The effect of room-temperature plastic deformation in darkness on the photoluminescence properties of ZnS

Inorganic semiconductors have been considered to be brittle at room temperature generally, but recently zinc sulfide (ZnS), a II-VI compound semiconductor, was found to exhibit extraordinarily large plasticity even at room temperature if it was deformed in darkness. Room-temperature plastic deformation can achieve high density of glide dislocations in the crystal without significantly changing the point defect structure, and these dislocations themselves have a potential to provide unique functional properties different from those of the bulk. In this study, therefore, undoped ZnS crystals were plastically deformed at room temperature in darkness to generate only a large number of dislocations, and the changes in luminescence properties resulting from this process were investigated for the first time.
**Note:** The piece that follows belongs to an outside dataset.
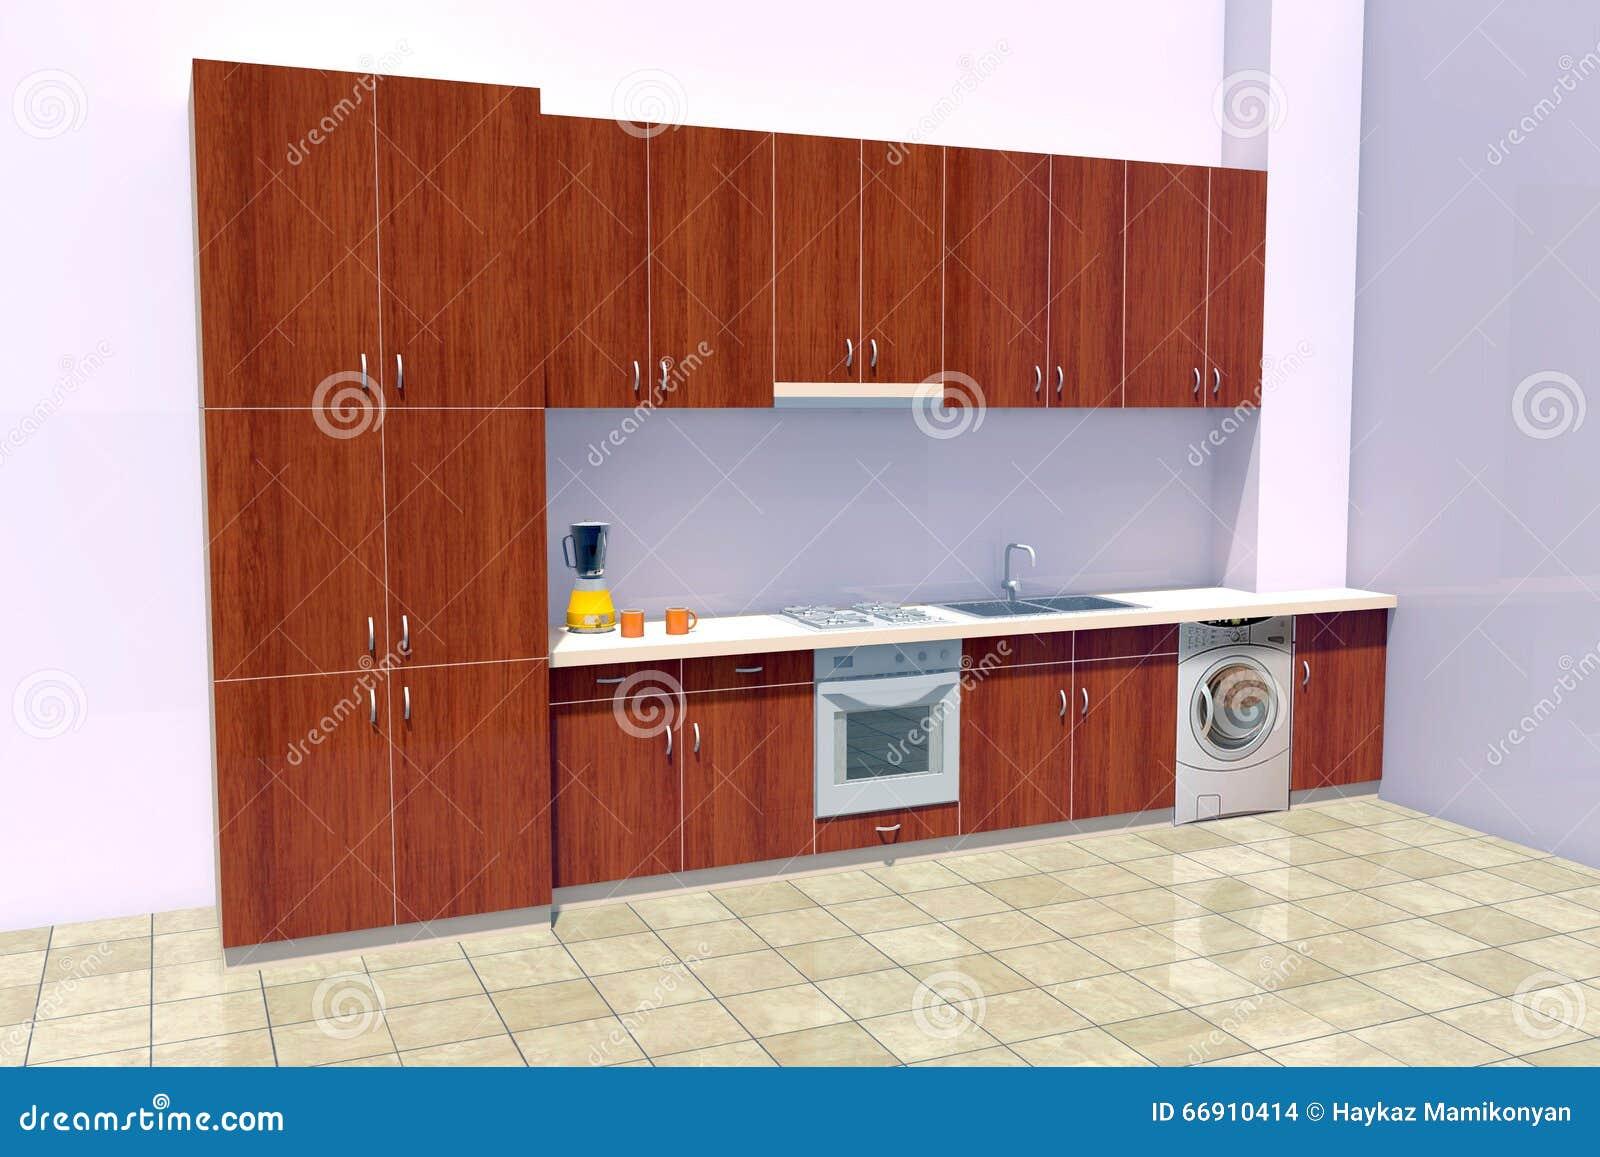 Kitchen Design Stock Illustration Image 66910414

As a result, we found that ZnS deformed in darkness exhibits characteristic photoluminescence and persistent luminescence emissions with a visible green color. SEM-CL analyses also identified the emissions from the dislocations. Theoretical calculations indicated that individual dislocations in ZnS have the ability to trap photo-excited carriers. Such changes in luminescence properties due to room temperature plastic deformation in darkness can be considered to originate from dislocations rather than point defects. In other words, the dislocations themselves serve as the significant recombination centers, realizing visible light emission.